“Oh crikey” was my first thought when I opened the email from work saying I’d won a place in their London Marathon ballot.
Ok, so anyone who knows me knows that isn’t really what I said. A stream of expletives too rude to publish on a PG-rated blog went through my head and I screamed “SHIT” at the top of my voice. Fortunately I was working from home, or I’d have had some odd looks from my colleagues.
I ran through to my husband in the room across the hall and told him the good news.
“Congratulations!” he replied “I guess that means you need to get back on the training, eh?”
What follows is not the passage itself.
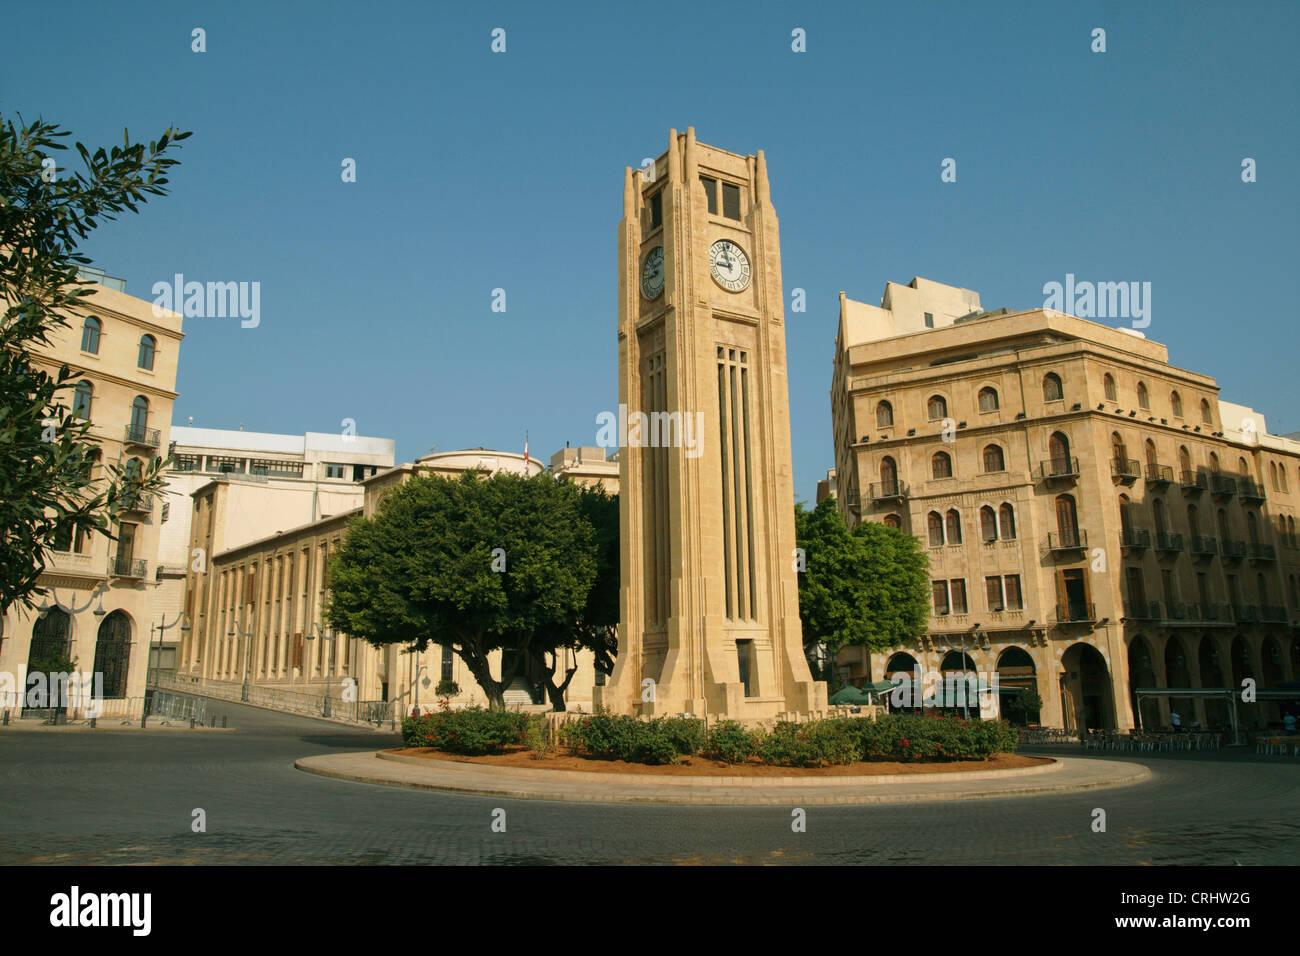 Tour de l'horloge au centre-ville, le Liban, Beyrouth Photo Stock

That bought me back down to earth with a very hard bump. I don’t really like running. I see it as a necessary evil, something to burn off a few calories and help in my endless battle between fitness and fatness. I tolerate it, and sometimes it even feels good. But training, to run 26.2 miles, well that’s a different story altogether, isn’t it?
You see, I’m 33. I’m a 5’0″, dumpy, slightly overweight woman in my mid-thirties. I’ve run three half-marathons before, but the last one was in March. Since then my running habit has waned. I developed a reasonable early morning gym habit over the summer, but as the mornings have got colder and darker and that’s been less appealing than staying in bed and reading the entire internet on my phone.
My recent lazy patch, together with my fondness for chocolate, means I’m tipping the scales at 63kg today. And I have to run a marathon in five months and two days’ time. Shit.
“I need to do something” I thought. So I did what any sensible runner would do: I posted the good news on Facebook so my friends could have a good laugh.
Then I toddled upstairs, and put on my running kit and trainers. My most recent run was barely 15 minutes. I could have gone further, but I couldn’t be arsed. But now I have to be arsed.
“Half an hour. Just keep running for half an hour,” I told myself as I strapped on my Pebble smartwatch and fired up Runkeeper on my phone.
And so, I ran. Through the recreation ground, past Barnes station and through the common all the way to the Spencer Arms in Putney, by some odd back route I’ve never come across before. Putney was where we had our wedding reception, and it was our wedding anniversary, so I kept going all the way to the riverside venue, where exactly two years ago we celebrated our marriage.
After that I looped back down the river towards home. 9k in total. 45 minutes. And it felt pretty good.
As I was running, I started to think “I can do this. I can run a marathon.”
In my head, I started making a plan. I need a training plan.
But more importantly than that, I need a website.